Zirconia (Zirconium dioxide)
Zirconium (Zr) is a metallic element with various compound forms consisting of several physical, mechanical and nuclear properties, such as very high hardness, high melting point, chemical stability at high temperatures, high oxide ion-conductivity and abrasion & corrosion resistivity. These characteristics make it attractive for a variety of industrial, commercial and scientific applications such as ceramics, chemicals, refractories, foundry, fuel cells and solid-state batteries. Zirconia (zirconium dioxide) is mainly produced synthetically through various production routes. Approximately 97% of Zr compounds and metal is produced using zircon recovered from heavy-mineral sands deposits as a feedstock. A non-exhaustive list of Zr chemicals that are currently being produced are Zirconium Chlorides (ZOC), Zirconium Sulphates (ZOS/ZBS), Zirconium Carbonates (ZBC/AZC/KZC), Zirconium Acetate (ZAC), Zirconium Phosphate (ZP), Zirconium Hydroxide (ZOH), Chemical Zirconia, Fused or Thermal Zirconia, Stabilized Zirconia and Zirconium Metal (with/without hafnium).

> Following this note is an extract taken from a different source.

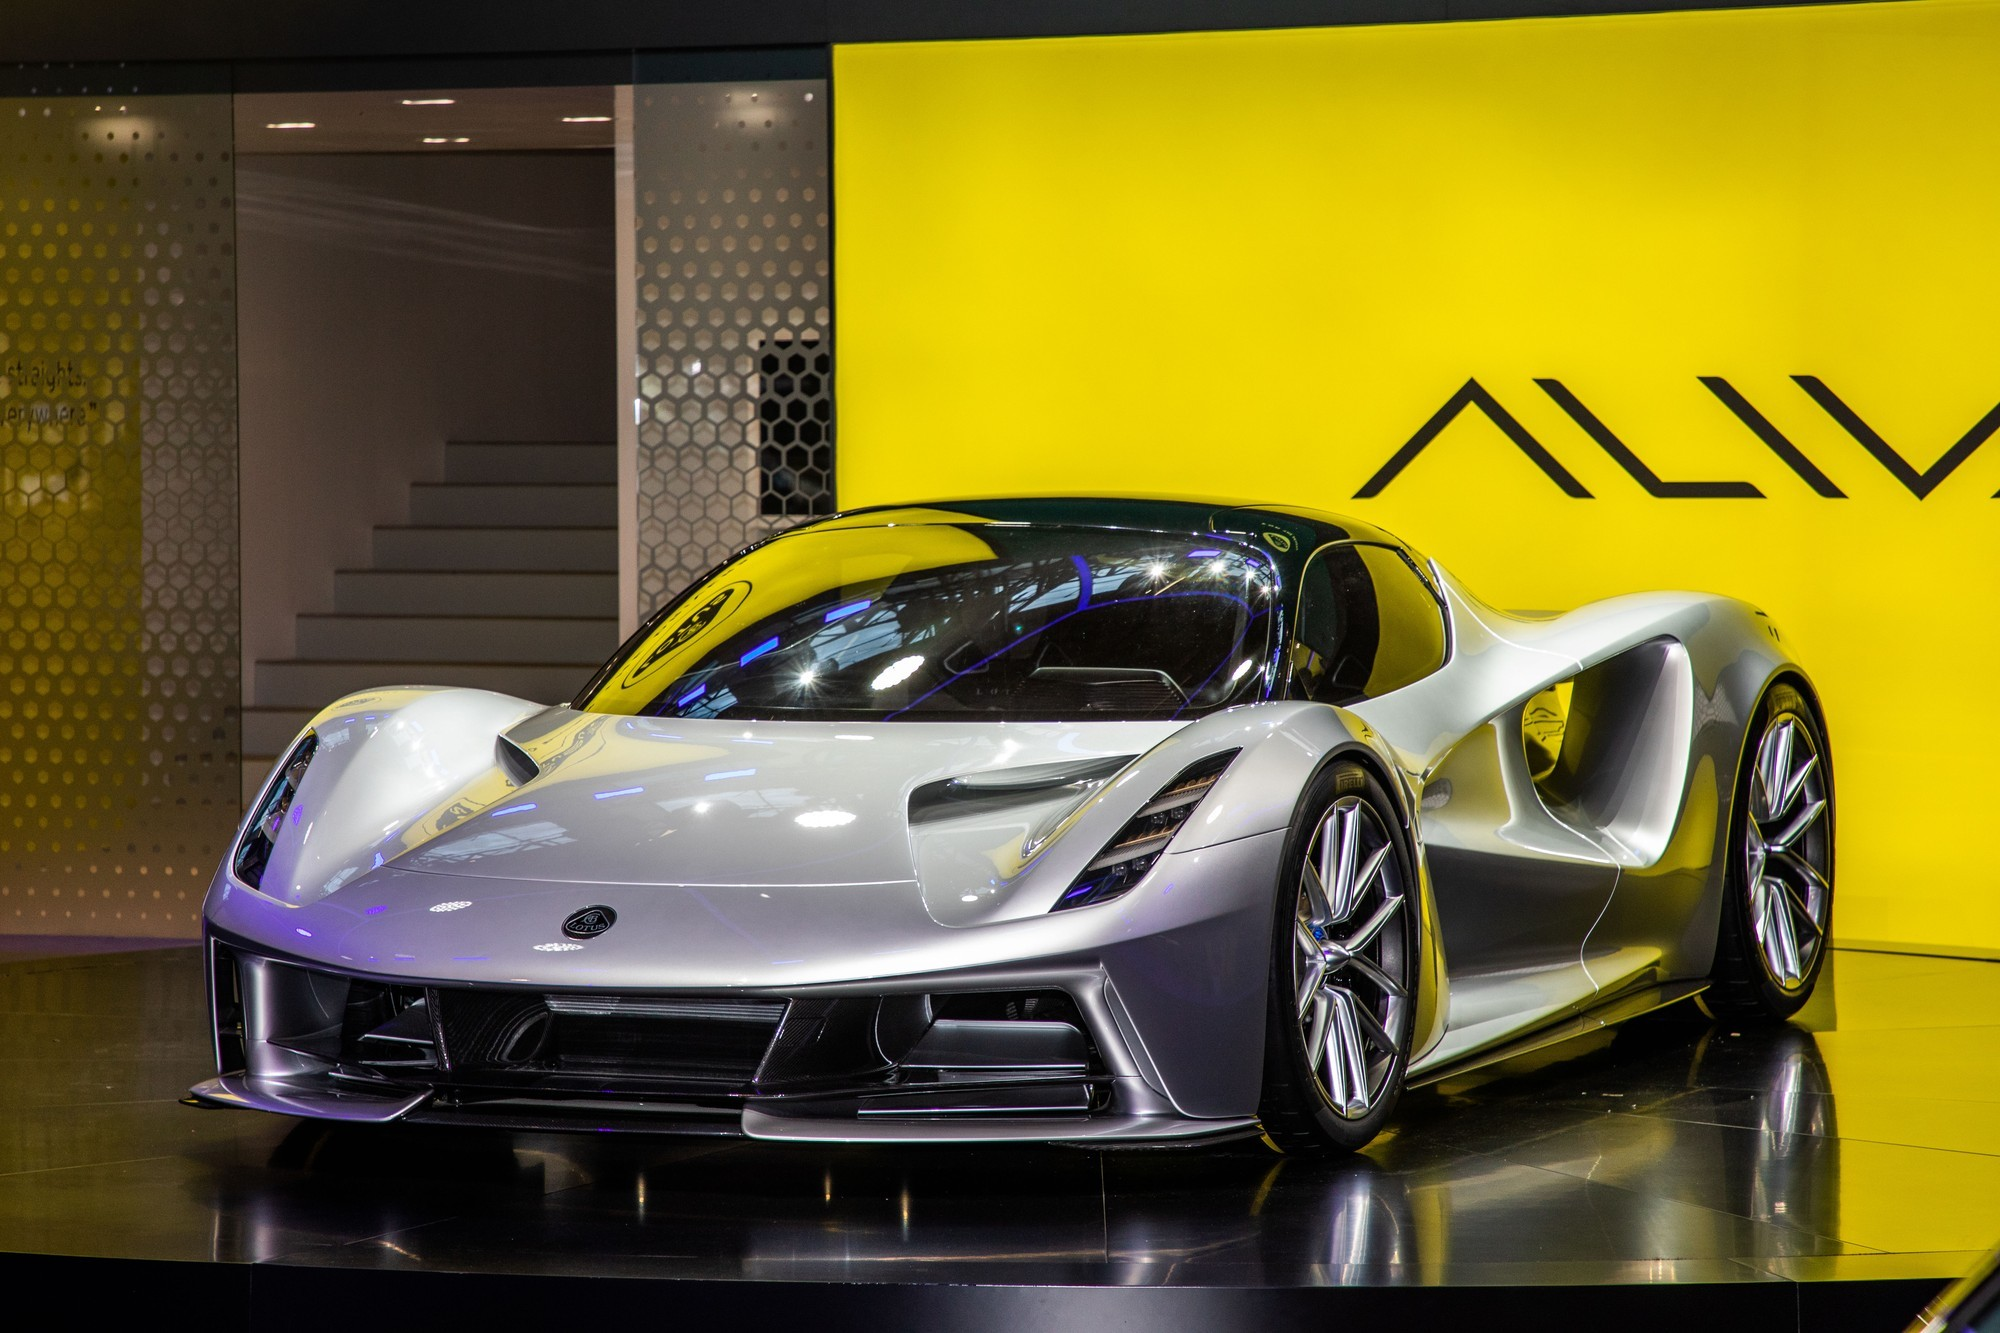 Ушли, не заплатив: Williams подаёт в суд на компанию Lotus Cars

Minchem reports that China has become the world’s main supplier of ZOC and other Zr chemical compounds in some cases representing over 90-95% of the world supply with prices ranging between $7-8 per kg. As for the product Chemical Zirconia, China exported 20,000 tonnes in 2020 with significant varying prices according to grades, between $4-50 per kg. The Chinese dominance of supply is an increasing concern to industries with factors such as; environmental and waste management neglect, production supply deficits from intense water and power usages, depleting low U/Th content feedstocks forcing the shift over to higher U/Th feedstocks, supply disruptions due to Covid-19 and lastly increasing shipping costs driving global buyers to search for alternative Zr chemicals outside of China. An EU focused study by the European Commission, indicates that there are currently no registered production sites for Zr ore within the EU, meaning the reliance of imports is 100%. The main Zr chemical suppliers feeding 97% of the EU demand comes from Africa, Australia and Asia, with 88% of Zr Metal products sourced from the US, Asia and UK.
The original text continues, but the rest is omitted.